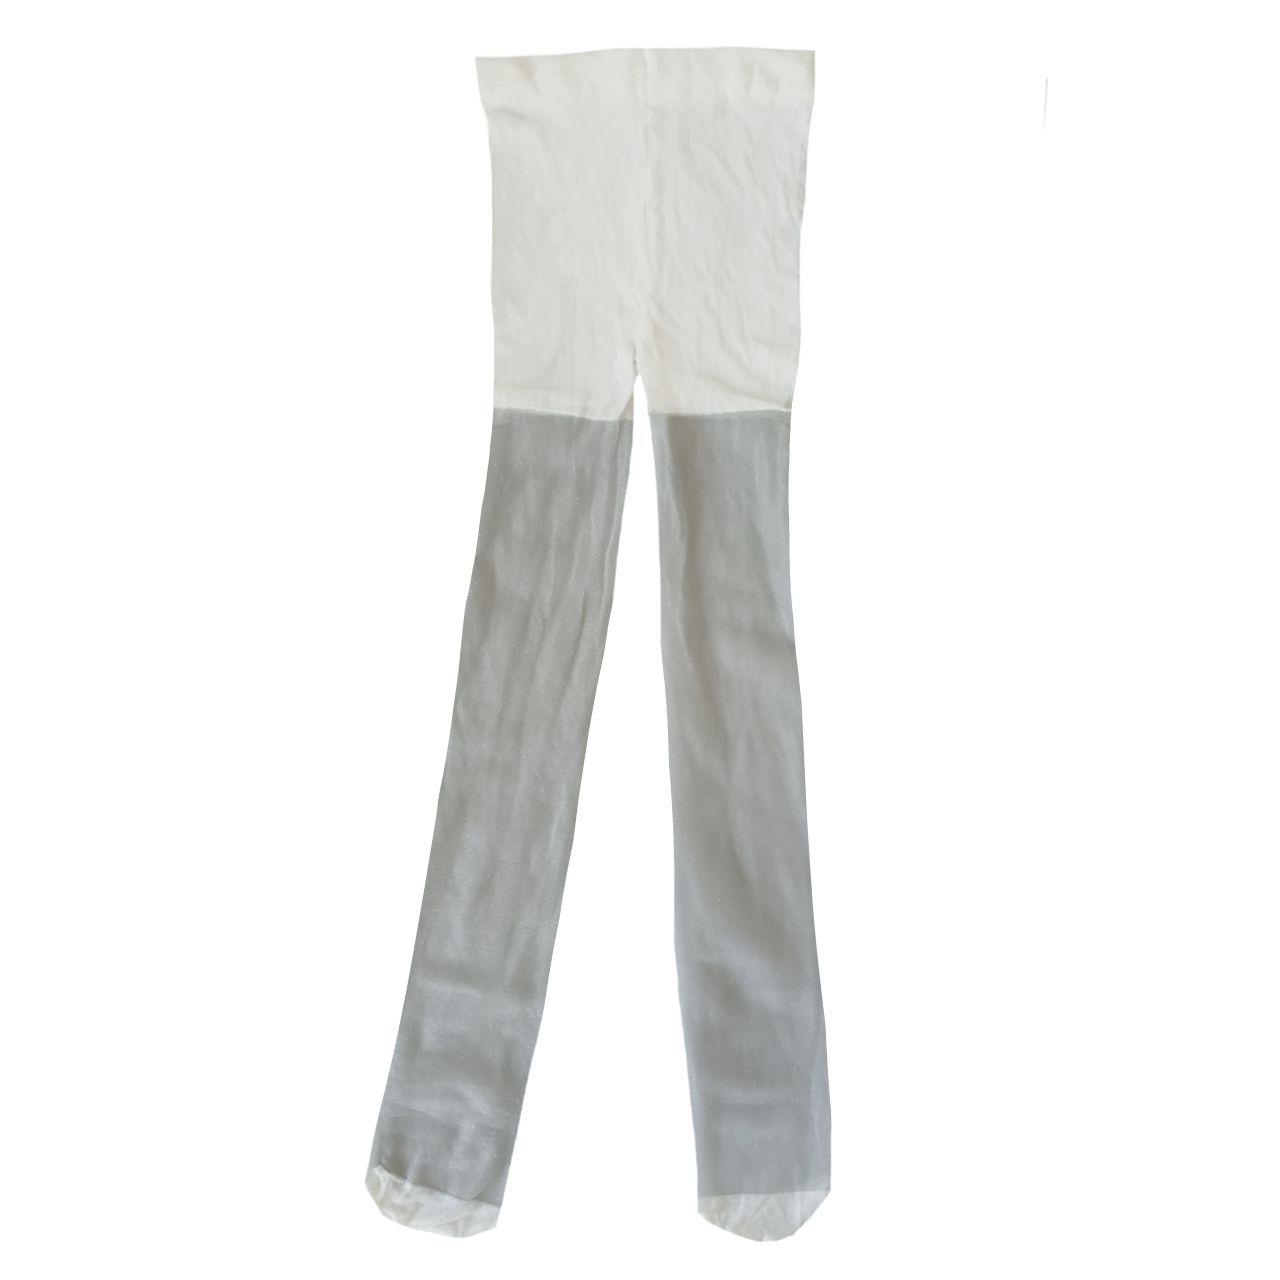 جوراب شلواری دخترانه کد 28 -  - 3
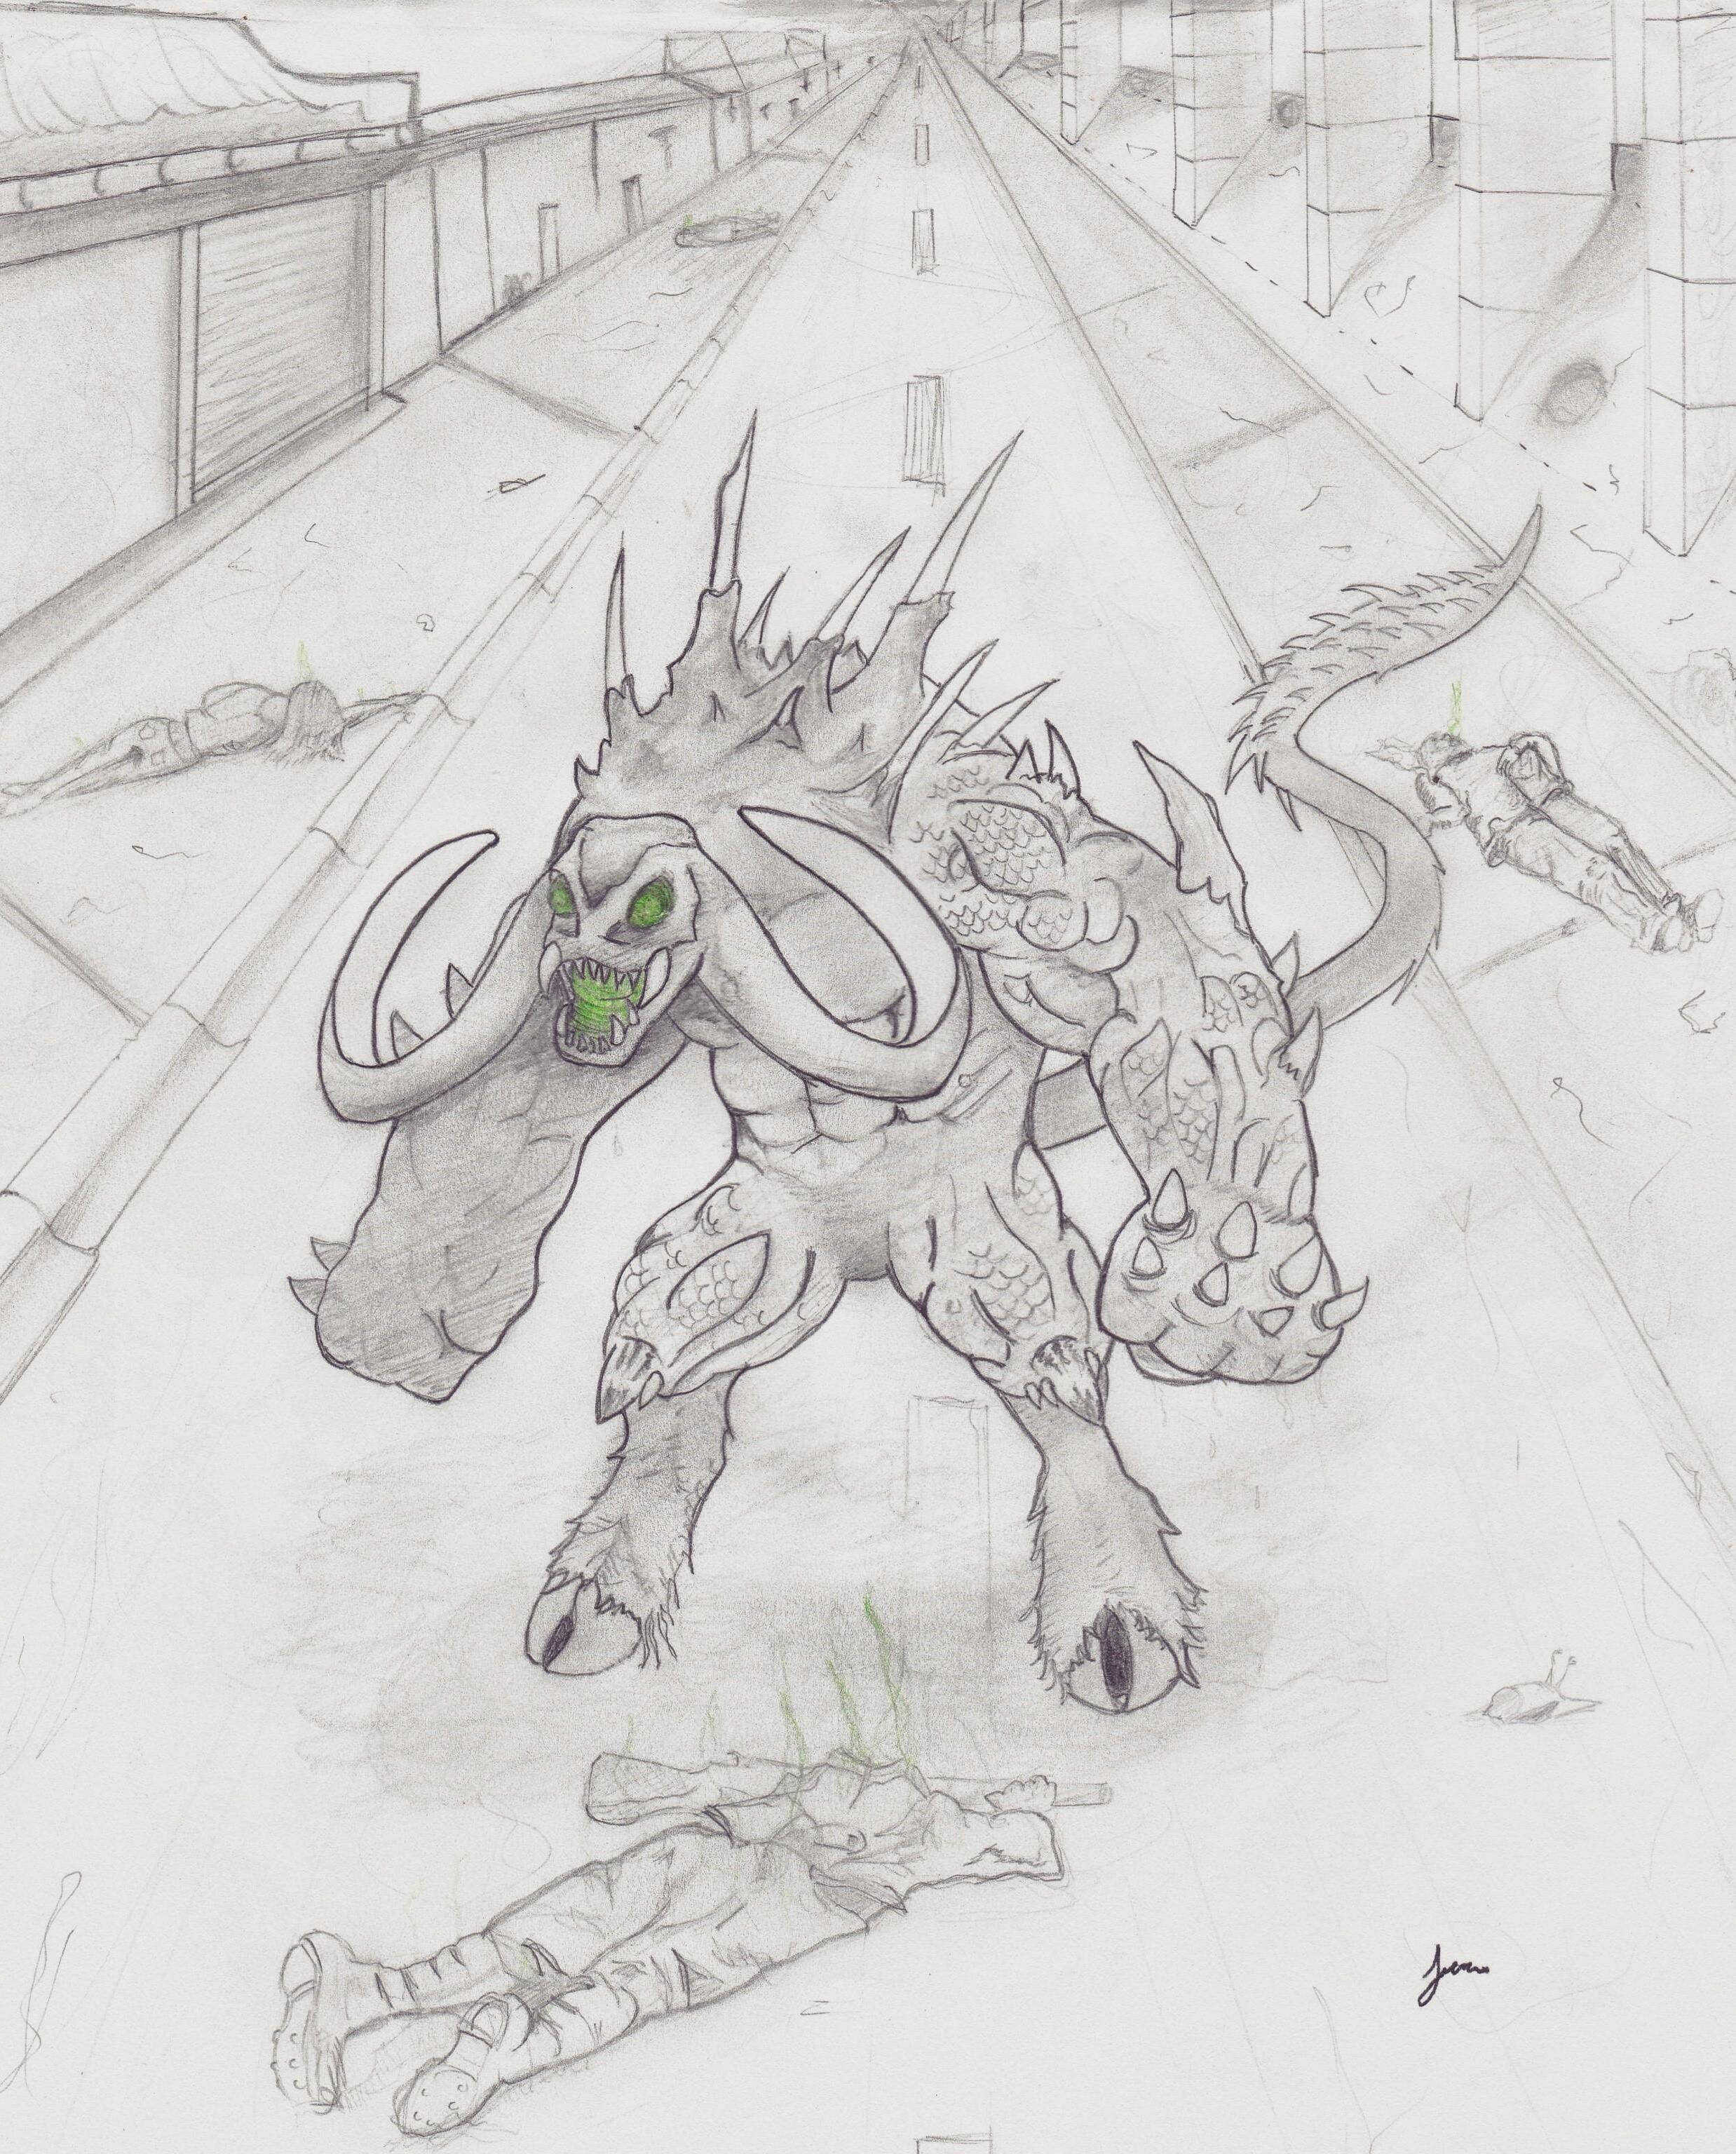 The Grimataur of Velcrank city
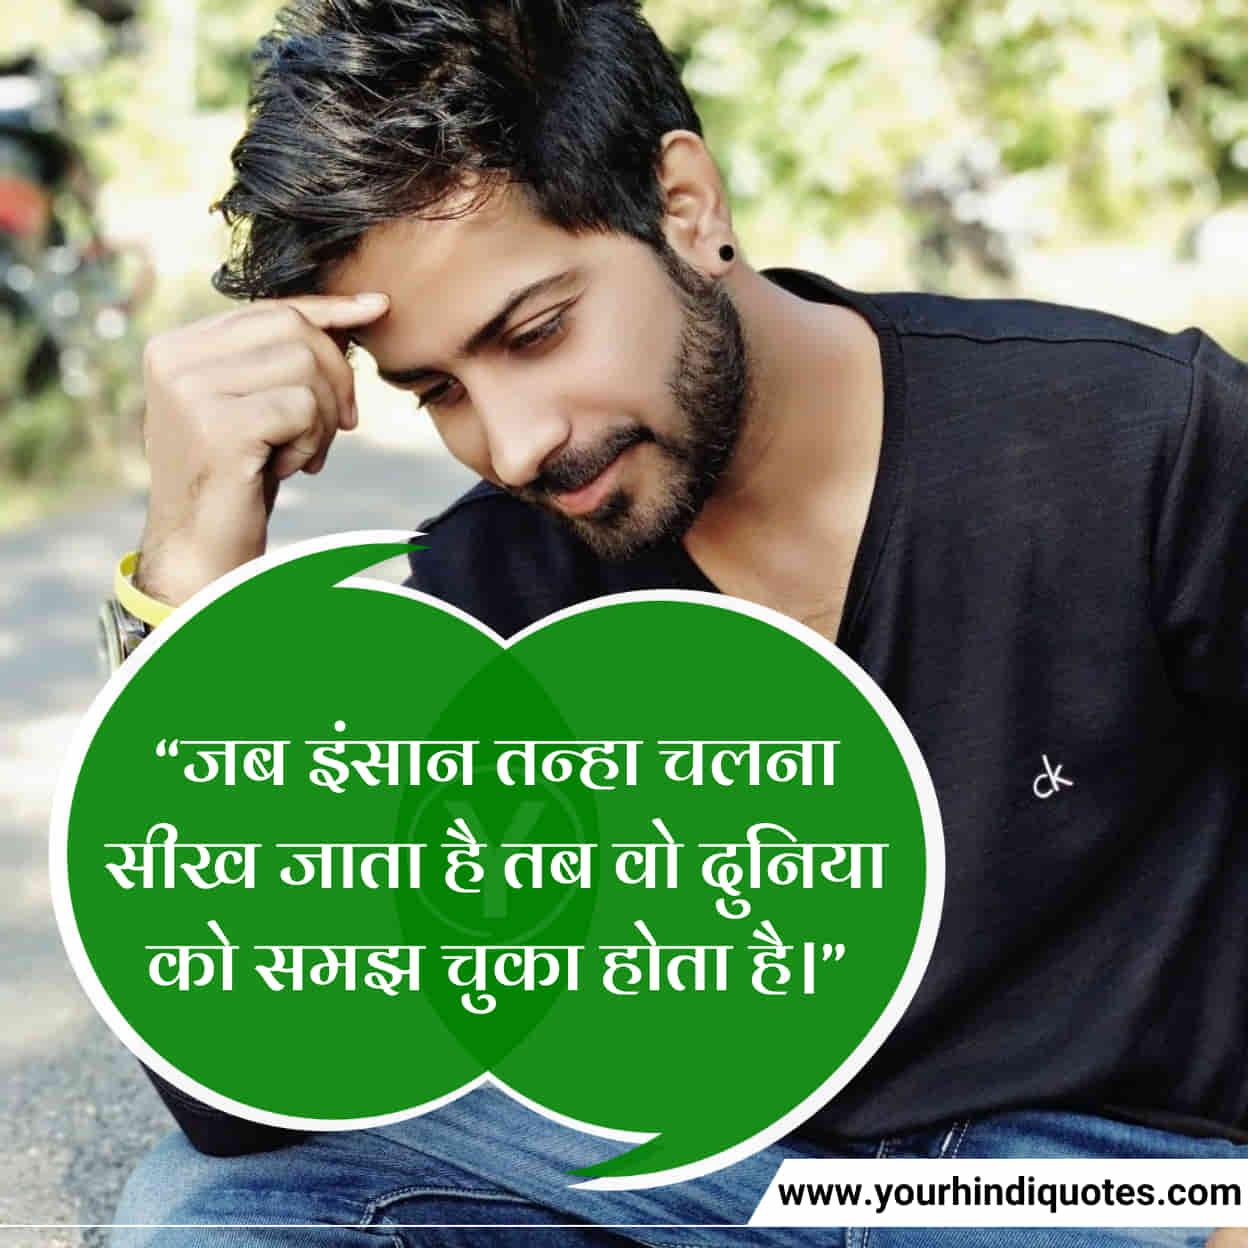 Best Sad Life Quotes

What is being asked: Since the pictures are not wanted, transcribe the rest of the listing above exactly.

Written solution:
 جوراب شلواری دخترانه کد 28 -  - 3
 The Grimataur of Velcrank city
 Best Sad Life Quotes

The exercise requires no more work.